Looking up at them all with a gleam in his eye, Doran grinned. “Portals! I think I can recreate them! Smaller, of course. But we can deliver them to safety. We can send the Mystics through them!” He scrambled to his feet and gripped Xarian by the vest. Clearly somewhat rattled by all the day’s events, Xarian actually raised an eyebrow in surprise. Doran shook him gently by the lapels. “Can you fly the Skyboat, collect everyone from the Forest, and bring them back here?”
Xarian nodded with acknowledgment, extracted himself from Doran’s grip, and set off, almost chuckling.
Turning his attention to Rhazgul, Doran spoke fast. “I need a delivery instrument, a gadget of some sort. We won’t send the Mystics directly through the portal, because what if no one is on the other end to release them? So we’ll send smaller portals – many, many smaller portals! Infinite portals, crafted from this stone – the Magika will heal it! Can you make me a device to ship them in, Rhazgul?”
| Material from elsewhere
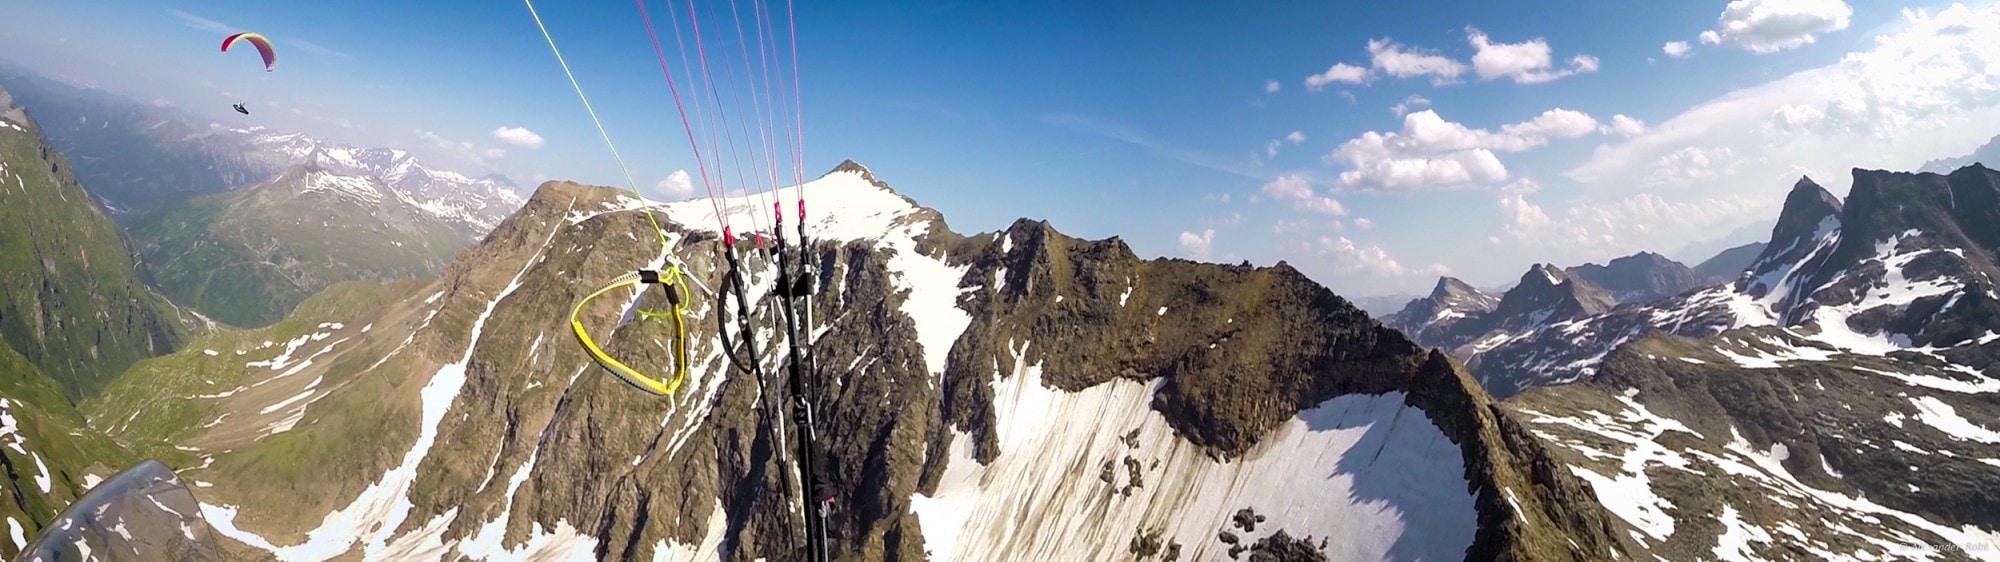 27c: diesmal bis ganz nach vorne -> direkt am Hauptgrat des Alpenhauptkamms mit Berni gewendet

His stumpy legs stomped the ground and he gave a salute as straight and true as a spirit level. “Rhazgul, at your command. I’ll get to it now!” and he scurried off toward the workshops.
Quietly, Aria sat upon the edge of the portal wall. “So we’re going to create portals from this stone, with this Magika, and shuttle the Mystics into the stars, with only hope on our side.”
Doran grinned and shook his head. “No, not just any star. We will send portals to only one world. The only place I know where people may be able to help us. The one safe place we can reach where Magika once existed. Where we know it can exist again.”
“Earth.”
“Please put me on the floor. I must clean up this mess.”